Filed by SmartForce Public Limited Company
                                   pursuant to Rule 425 under the Securities Act
                                            of 1933 and deemed filed pursuant to
                           Rule 14a-12 under the Securities Exchange Act of 1934
                                          Subject Company: SkillSoft Corporation
                                                    Commission File No.000-28823

FOR IMMEDIATE RELEASE

Contacts:
Tom McDonald
Chief Financial Officer, SkillSoft
(603) 324-3000 x232
tmcdonald@skillsoft.com

Anna Yen
Director of Investor Relations, SmartForce
(650) 817-5924
anna_yen@smartforce.com

                          E-LEARNING LEADERS TO MERGE
  SmartForce and SkillSoft to combine to create e-Learning industry powerhouse

Redwood City, CA and Nashua, NH -- JUNE 10, 2002 -- SmartForce plc (Nasdaq:SMTF)
and SkillSoft Corporation (Nasdaq: SKIL), both leading providers of e-Learning
solutions to the Global 5000, today announced that they have signed a definitive
agreement to merge in a stock-for-stock transaction. The combination will create
a global leader in corporate e-Learning and bring together SmartForce's leading
portfolio of IT, enterprise applications and sales and CRM e-Learning solutions
with SkillSoft's comprehensive suite of business and professional e-Learning
solutions, including management, leadership, communication, project management
and customer service. The merger supports SmartForce and SkillSoft's overall
strategy to deliver the most comprehensive and highest-quality learning
solutions and positions the combined company to best serve the demands of this
growing market.

Under the terms of the agreement to merge the companies, unanimously approved by
both Boards of Directors, SmartForce shareholders are effectively receiving a
premium of approximately 19 percent based on Friday's closing prices and
approximately a 30 percent premium to the 30-day trailing average prices of the
two companies' shares. Following the merger, SmartForce shareholders will own
approximately 58 percent of the combined company, and former SkillSoft
shareholders will own approximately 42 percent. Legally, the transaction is
being structured as a merger of SkillSoft into a newly formed subsidiary of
SmartForce, with SmartForce issuing shares to the former SkillSoft shareholders.
SkillSoft shareholders will receive 2.3674 SmartForce shares for each share of
SkillSoft that they own. The transaction, which is expected to be tax-free to
shareholders of both companies for U.S. federal income tax purposes, will be
accounted for as a purchase.

The combined company will be led by management and a board of directors derived
from both companies. Greg Priest, Chairman and Chief Executive Officer of
SmartForce, will be Chairman and Chief Strategy Officer of the merged company.
Chuck Moran,



President and Chief Executive Officer of SkillSoft, will serve as President and
Chief Executive Officer. Tom McDonald, Executive Vice President and Chief
Financial Officer of SkillSoft, will hold the same position at the merged
company. Of the five additional Executive Vice Presidents to serve for the new
company, three will come from SmartForce and two from SkillSoft. The new Board
of Directors will include three directors who currently sit on SmartForce's
board, three directors who currently sit on SkillSoft's board, and one new
outside director originally nominated by SkillSoft.

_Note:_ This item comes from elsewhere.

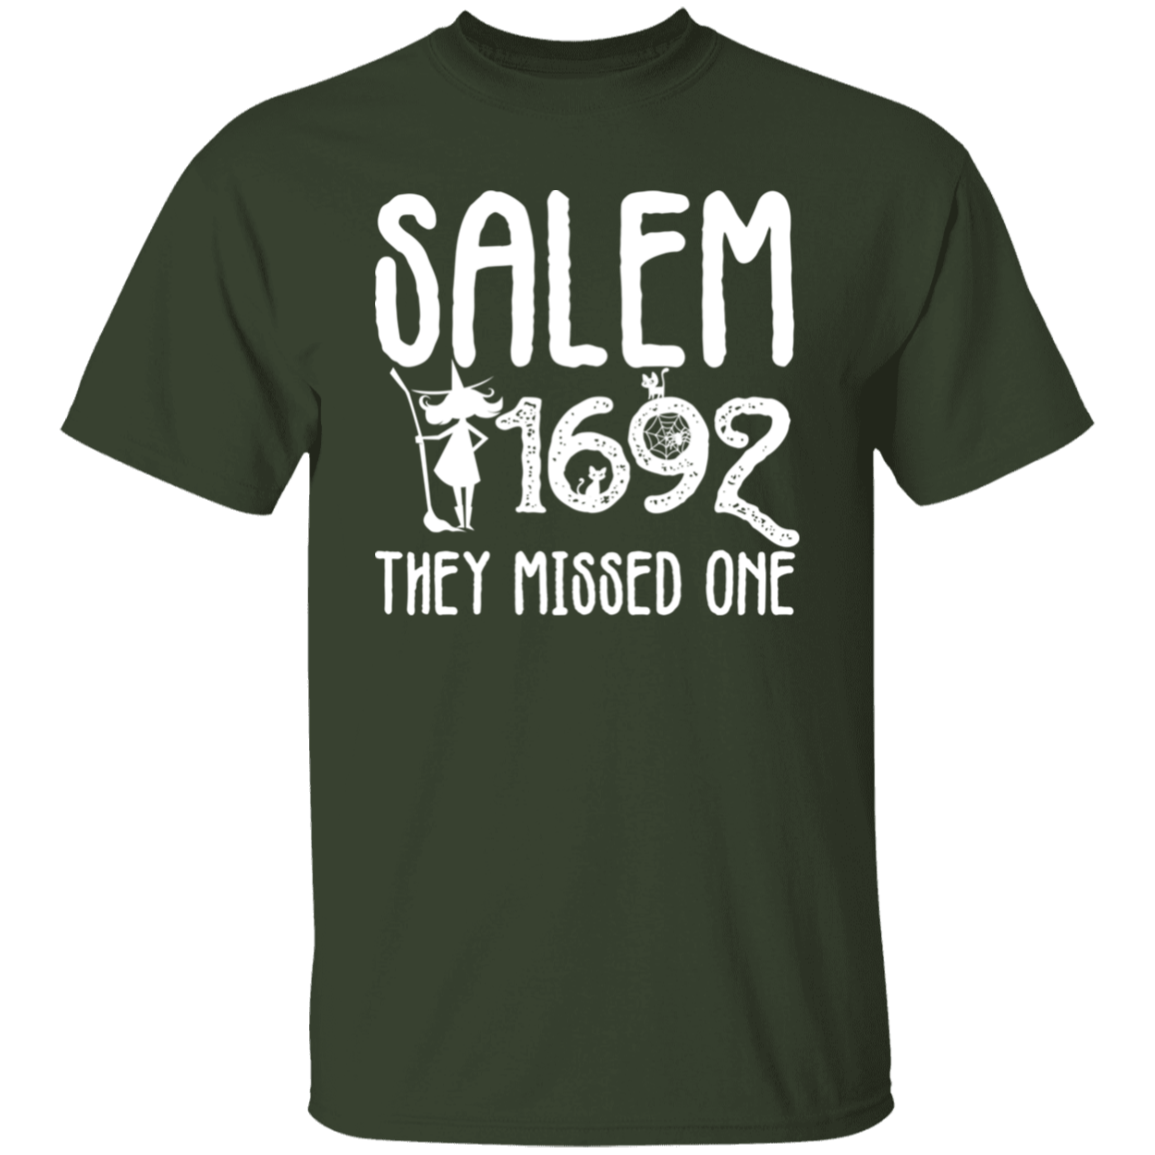 Salem They Missed One 1692 T-Shirt

"e-Learning is transforming enterprises worldwide, allowing companies to
distribute knowledge to individuals precisely when they need it in a much more
efficient and powerful way. This transaction creates a powerful force in
e-Learning," said Greg Priest. "The combination of our highly complementary
organizations and product families will result in clear strategic benefits that
we believe will create substantial long-term customer and shareholder value. By
significantly expanding the content areas in which we can develop learning
solutions for our customers and partners, we have the opportunity to grow
revenues and profits and to build upon and enhance our combined position as the
leader in e-Learning."

"For some time, we have intended to more fully expand our product line beyond
interpersonal and other critical business skills to effectively address all of
the e-Learning needs of our global customers," said Chuck Moran. "Following four
years of focused execution to build a leading market share in soft skills
e-Learning, we are confident that the timing is right to aggressively expand
into the IT and vertical skills areas. This merger clearly positions our
combined entity to offer the most comprehensive, high quality e-Learning
solutions in the market. The combination of learning content, Referenceware(R),
performance improvement tools and professional services will be unmatched,
ensuring the highest return on training investments for our customers."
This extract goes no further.